Sometimes a board member is valuable in teaching the “how” to get things done inside the company. But experience reinforces the usual fact that a board member telling the CEO or founder “how” to perform a function crosses a line and can diminish the CEO’s confidence and denigrates his or her ability, often in front of the board itself.
Let’s start with the vision for the enterprise
Who is responsible for the vision that drives the company? This is arguably the primary job of the CEO, with agreement from the board. Many entrepreneurs after taking outside investment defer to their board for matters of direction that include setting the vision, as well as executing the plan.
The general rule for founders and CEO’s with a board
Here is a general rule: The CEO sets the sails and points the ship, creating the vision for the company. The board provides input into that vision, testing it against their experience and reason, and challenges it as a part of its duty to protect the shareholders and care for the corporate asset. The board then assures that management receives or has resources to affect the vision, monitoring progress at each step.
What the board does not do
The board does not get involved in how the job is done, but rather why it should be done and perhaps when it should be completed.

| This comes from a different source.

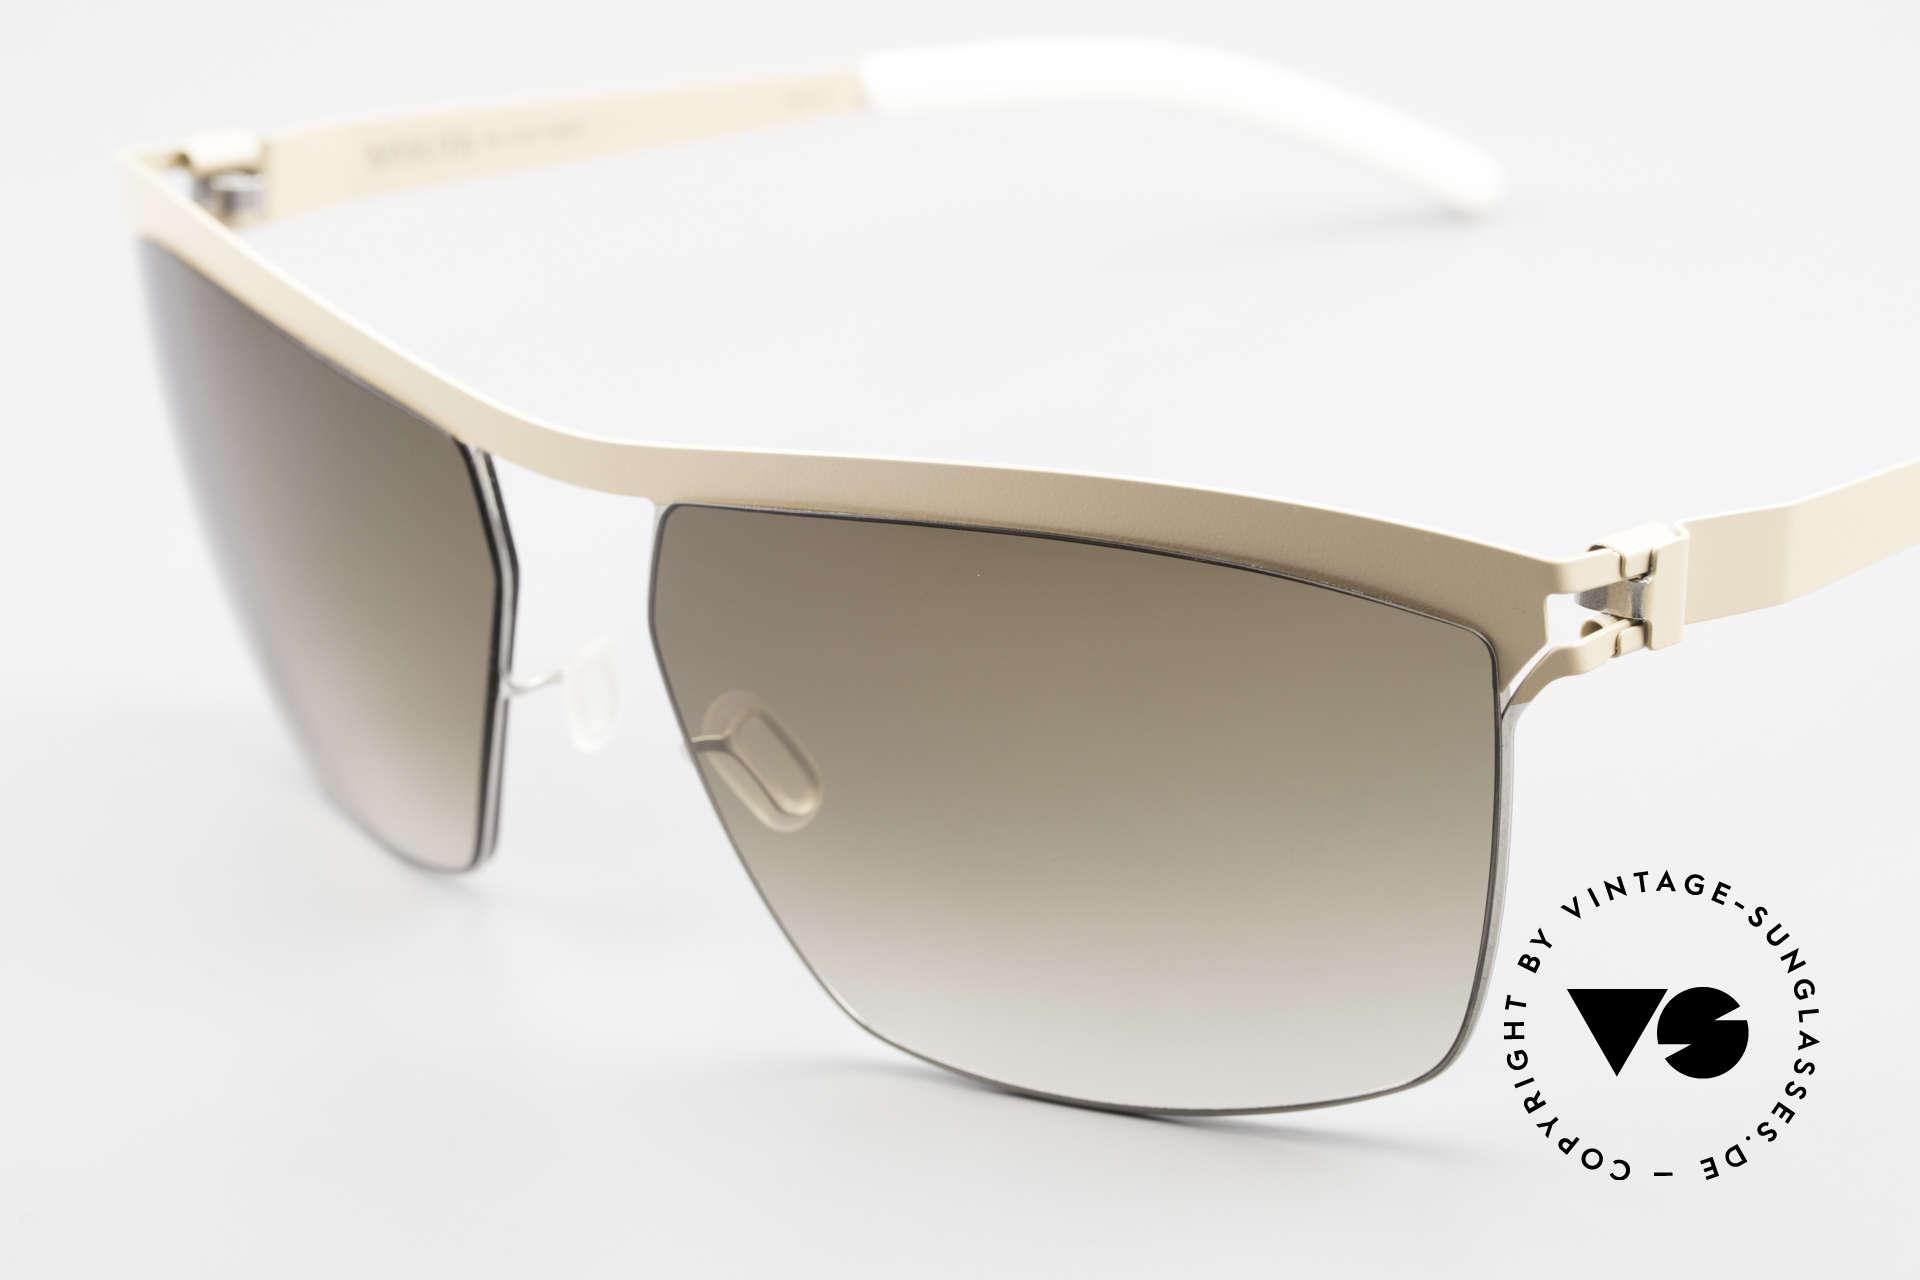 Mykita Tiago Designer Sunglasses Unisex, top-notch quality, made in Germany (Berlin-Kreuzberg), Made for Men and Women

How a board member can harm the CEO
Once the members, unless invited in a consulting role, involve themselves in execution of the plan, management is robbed of its principle responsibility: execution of the plan approved by the board. When that happens, even a good CEO will pause and defer to the board before making strategic operational decisions, slowing the progress, perhaps endangering the company, by allowing competition to gain ground, and sometimes ceding some control to board members who are remote from the operation and may not be the wisest of advisers in each situation.